Why is it happening? “Because there is no accountability when it comes to the NDA,” they say, adding that there is nothing above them to establish priorities that consider long-term national interest.
“What’s changed? The answer is, well, nothing really. This is where we are really bad with national assets, and there’s no long-term sense of stewardship.”
Professor Adrian Bull, British Nuclear Fuels Limited chair in nuclear energy and society at the University of Manchester’s Dalton Nuclear Institute, makes clear: “It’s technically a government policy decision, not the NDA’s.”

Former Desnz minister Andrew Bowie, now acting shadow energy secretary, says officials in Whitehall put on the pressure for immobilisation early.

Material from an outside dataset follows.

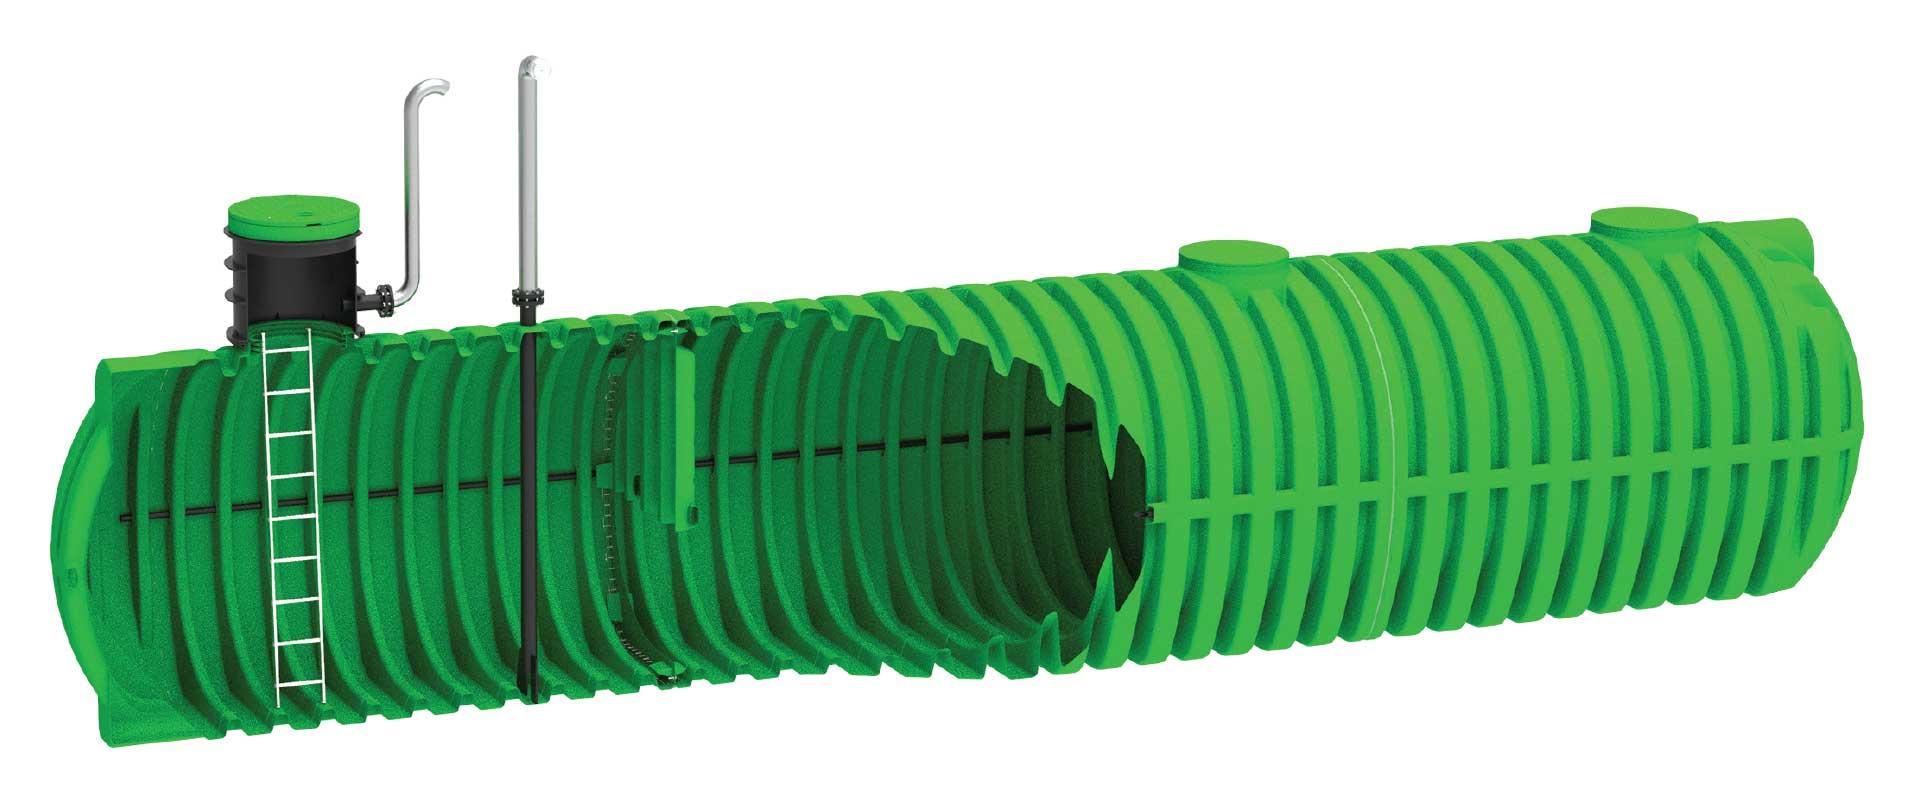 ROTO Roterra sistemi za požarno vodo rezervoarji za vodo deževnico zbiralnik ekologija voda varovanje okolja

“There seemed to be, from officials in the department, a real desire to move fast on this and make a decision to put plutonium beyond use before we needed to take that final decision,” he tells The House. “It was just quite clear that that was the direction of travel that had been decided upon.”
Bowie adds: “What is the seeming urgency for this decision to be taken? We just took the view that there was no urgency and that it didn’t need to be taken, which is where we left it at the time.”
It was a decision, the former minister says, that led to “some consternation in officialdom”, including from within the NDA.
Sources point to a hatred of what is generally referred to as ‘separated material’ like the plutonium at Sellafield.